8. Kapitel . Festungsanstalt Landsberg am Lech .

Erzählung zum Thema Heimat

von  kirchheimrunner

Als der Lenz im Krankenzimmer des Freisinger Spittals aufwachte, war alles weiß um ihn herum:
Das Bettlaken, die getünchte Mauer, die Betten der anderen Siechen und der Kittel der Krankenschwester.
"Marie, bist du es?"

Er konnte immer noch keinen klaren Gedanken fassen. Die Schmerzmittel und die Beruhigungsspritze hatten seinen Verstand vernebelt.

Der Verstand der beiden Beamten von der Landpolizei, die hinter dem Arzt und der Krankenpflegerin auftauchten, arbeitete aber messerscharf und präzise:

Kurz angebunden notierten sie in ihr Notizbücherl:
Küblböck Lorenz,
geboren am 21.Mai 1934 in Pfettrach,
Post Attenkirchen.
Beruf: Landwirtschaftshelfer; wohnhaft am elterlichen Bauernhof.


„Sei gescheit Lorenz, gestehe alles und es wird halb so schlimm! Dass du des Motoradl vom Weinzierl Schorsch g’stohlen hast, dafür haben wir mehrere Zeugen. Das könnten wir noch als Kavaliersdelikt und Dummejungenstreich durchgehen lassen; - da ist dir halt die Sicherung durchbrennt!

Aber Motorrad klauen und dann noch die anderen bestehlen; bist du noch bei Verstand?
Des kommt dich teuer zu stehen mein lieber Lenz. Da kommst uns nicht so leicht davon.

„So kommt doch alles ans Tageslicht, dachte er sich..... Ist auch recht; ist eh alles vorbei...„

„Gib schon her, ich unterschreib denn Wisch schon, aber lasst mir meine Ruhe.„

Tausendmal mindestens - hätte der Lenz die darauf folgenden Jahre - seine Unterschrift ungeschehen machen wollen. Aber wer hat schon einen wachen Verstand  mit einen schlechten Gewissen. Sechzehn Monate ohne Bewährung brachte ihm sein Geständnis ein; trotz milder und einsichtiger Richter; - trotz schriftlichem Geständnis; - aber: Bei Motorraddiebstahl in Tateinheit mit Körperverletzung und schweren Raub;
da kann niemand Gnade - vor Recht ergehen lassen!.

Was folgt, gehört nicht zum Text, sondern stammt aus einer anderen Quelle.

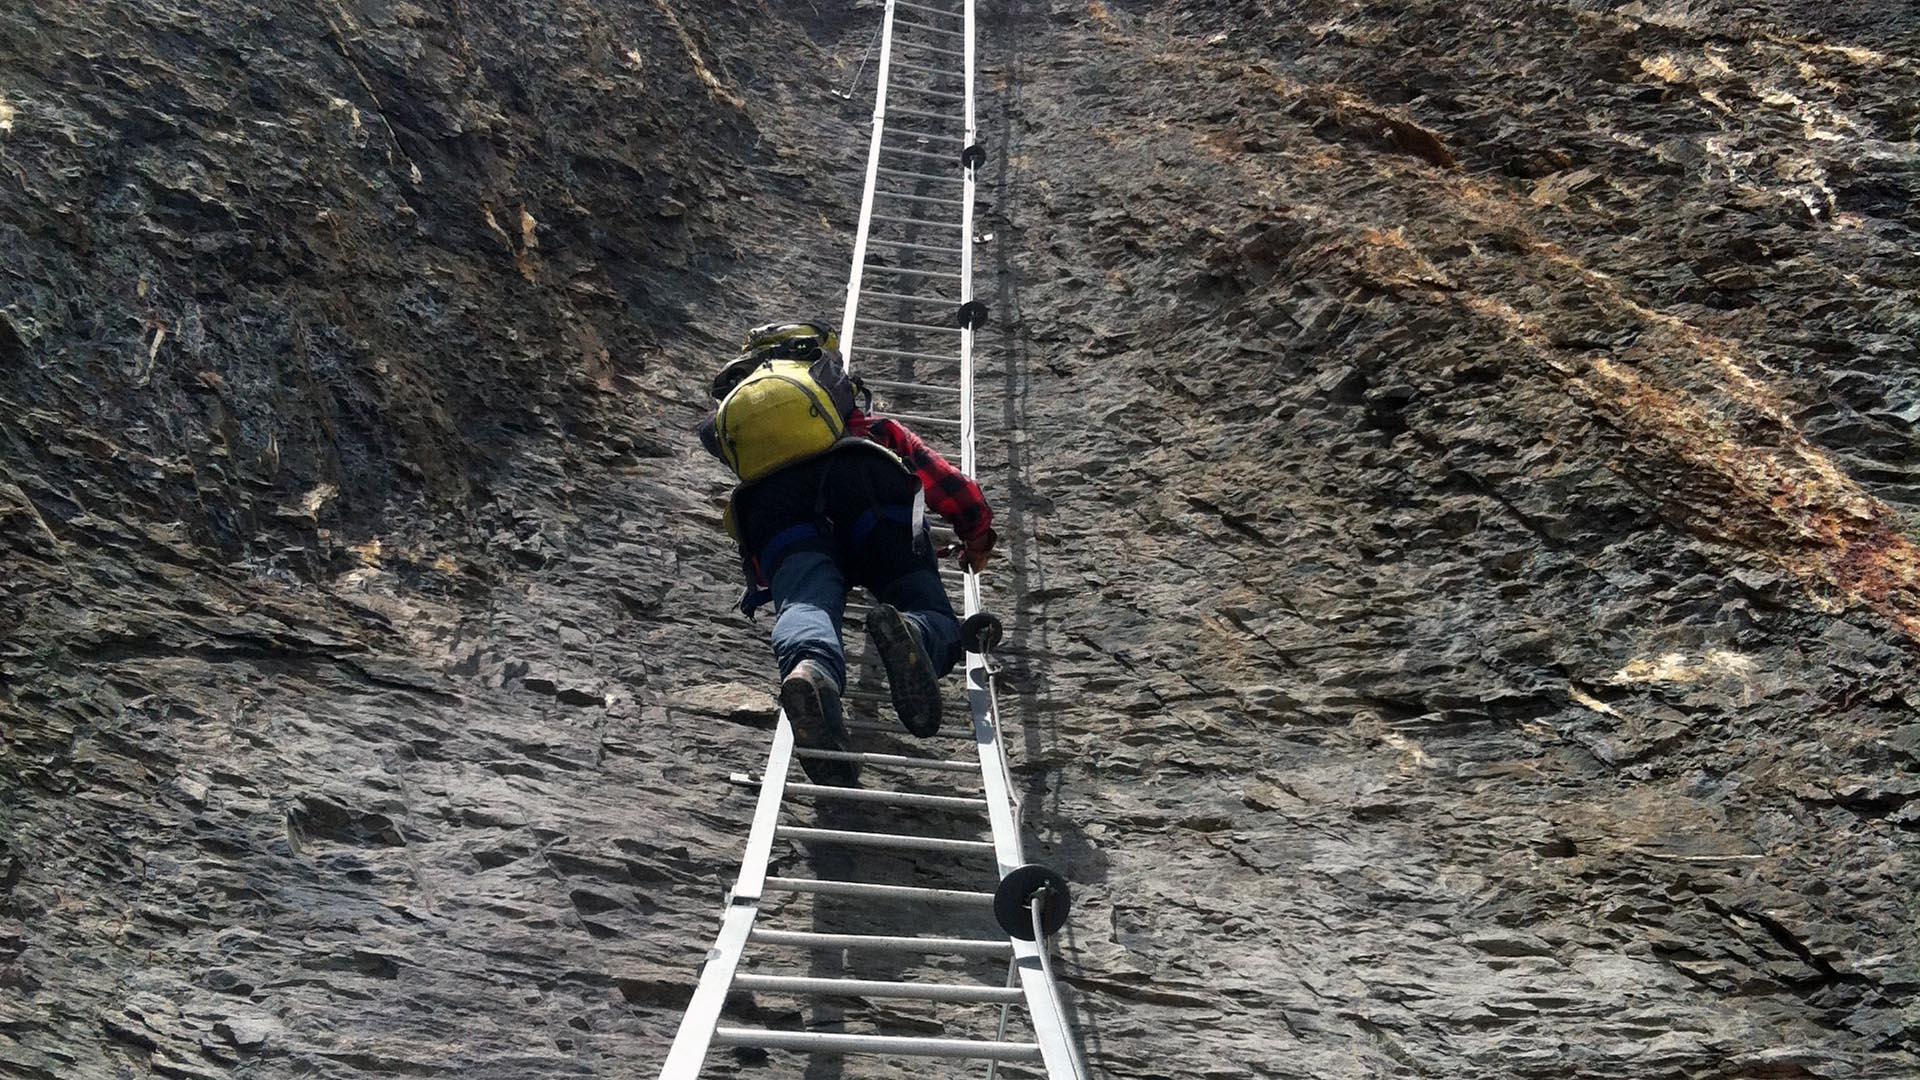 Klettersteig Wallis : Ab samstag oktober ist der klettersteig gemmi daubenhorn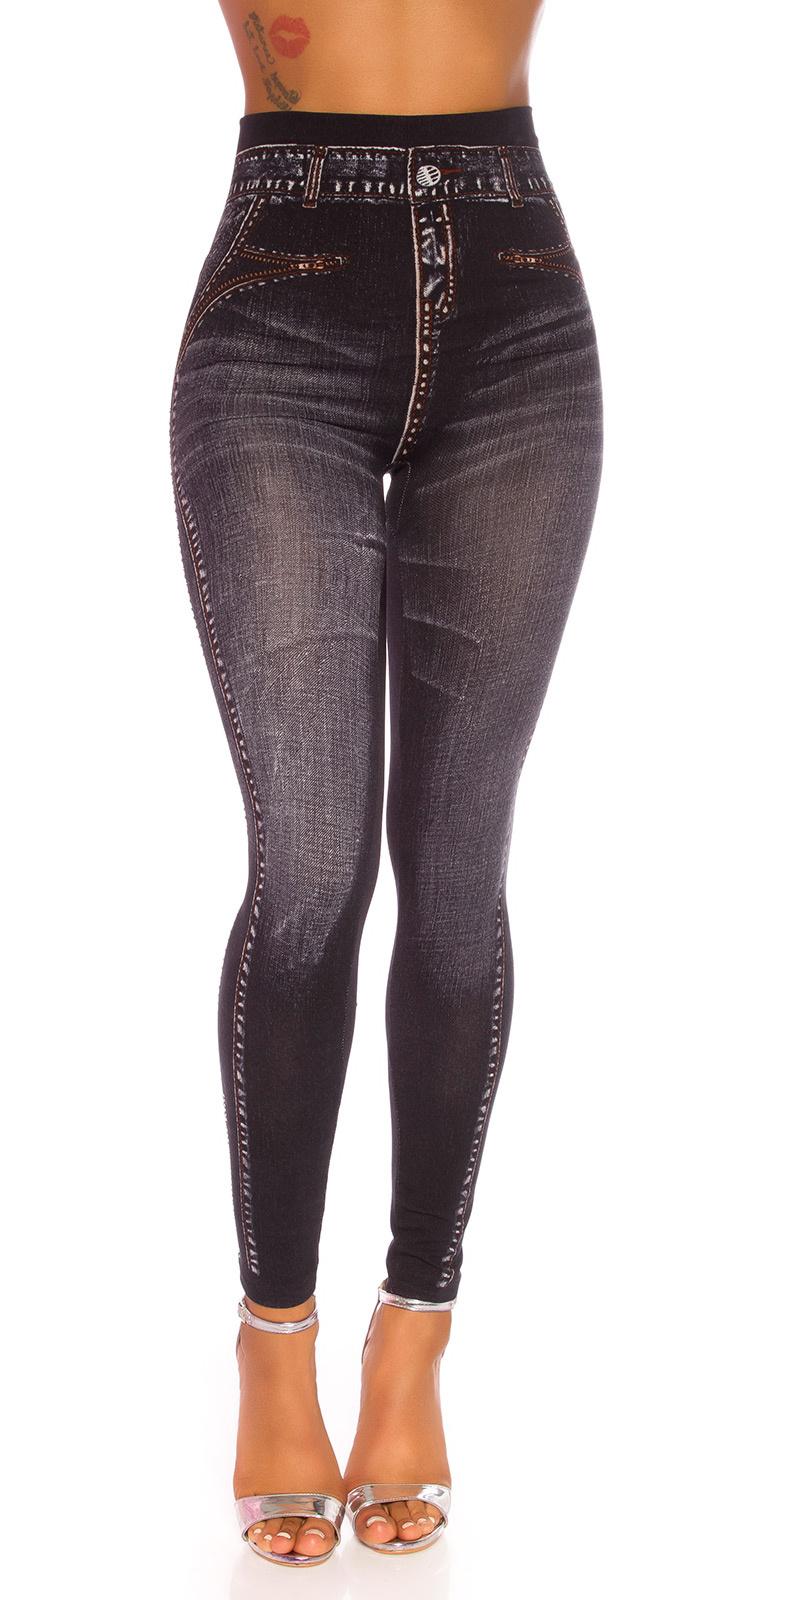 Sexy jeanslook leggings met strass steentjes zwart

Den angetrunkenen Kopfhammer Franz - Xaver hatte er am 12September 1956, kurz vor Mittag im Wirtshaus niedergeschlagen und ihm die Brieftasche mit eintausend fünfhundert  Mark geraubt. Der Weinzierl Schorsch und der Stangassinger Hans hatten es bezeugt und hätten vor Gericht auch jeden Eid darauf geschworen. Alles erstunken und erlogen; - aber darauf kam jetzt auch nicht mehr an.

Der Geistliche Rat von Pfettrach und seine gramgebeugten Eltern waren die Einzigen, die den Lenz in der Strafanstalt besuchten.

Die Marie kam nicht!

Der Lorenz hatte während der Monate, die er hinter Gittern saß genug Zeit über sein verpfuschtes Leben nachzudenken:
Wer einmal aus dem Blechnapf frisst ...

Eines wurde ihm sehr schnell klar: Alle Menschen waren von Grund auf schlecht. Nur komischer Weise der Pfettracher Pfarrer nicht.  Der Lenz konnte immer noch nicht verstehen was der geistliche Rat für ihn getan hatte: Genau 385,21 DM hatte man in seiner Joppentasche gefunden, als man ihn im Spital eingeliefert hatte. Der Pfarrer, - als einziger Zeuge, hatte den Beleg unterschieben und bestätigt:

Persönliches Eigentum, des Lorenz Küblböck.

Obwohl er es besser wusste: Es war genau sie Summe der Kollekte. Das Geld gehörte der Kirche, den Armen und dem lieben Gott! Aber er wollte dem Buben nichts antun, sondern die Untat bewahren wie ein Beichtgeheimnis. Die Leviten würde er ihm ein andermal lesen. Die Wahrheit wollte er versiegeln und aufheben für später.

Immer noch ging eine kleine, braunäugige Marie mit ihren süßen Sommersprossen um die Nase in den Täumen von Lorenz spatzieren; -aber auch sie würde bald nur noch schemenhaft zu sehen sein: Noch ehe das Jahr um war, den Schleier der Benediktinerinnen anziehen, ihre Gelübde ablegen, für ihn beten, und ihn dann für immer vergessen. Das war gewiss! - Etwas anders konnte sich der Lenz beim besen Willen nicht vorstellen.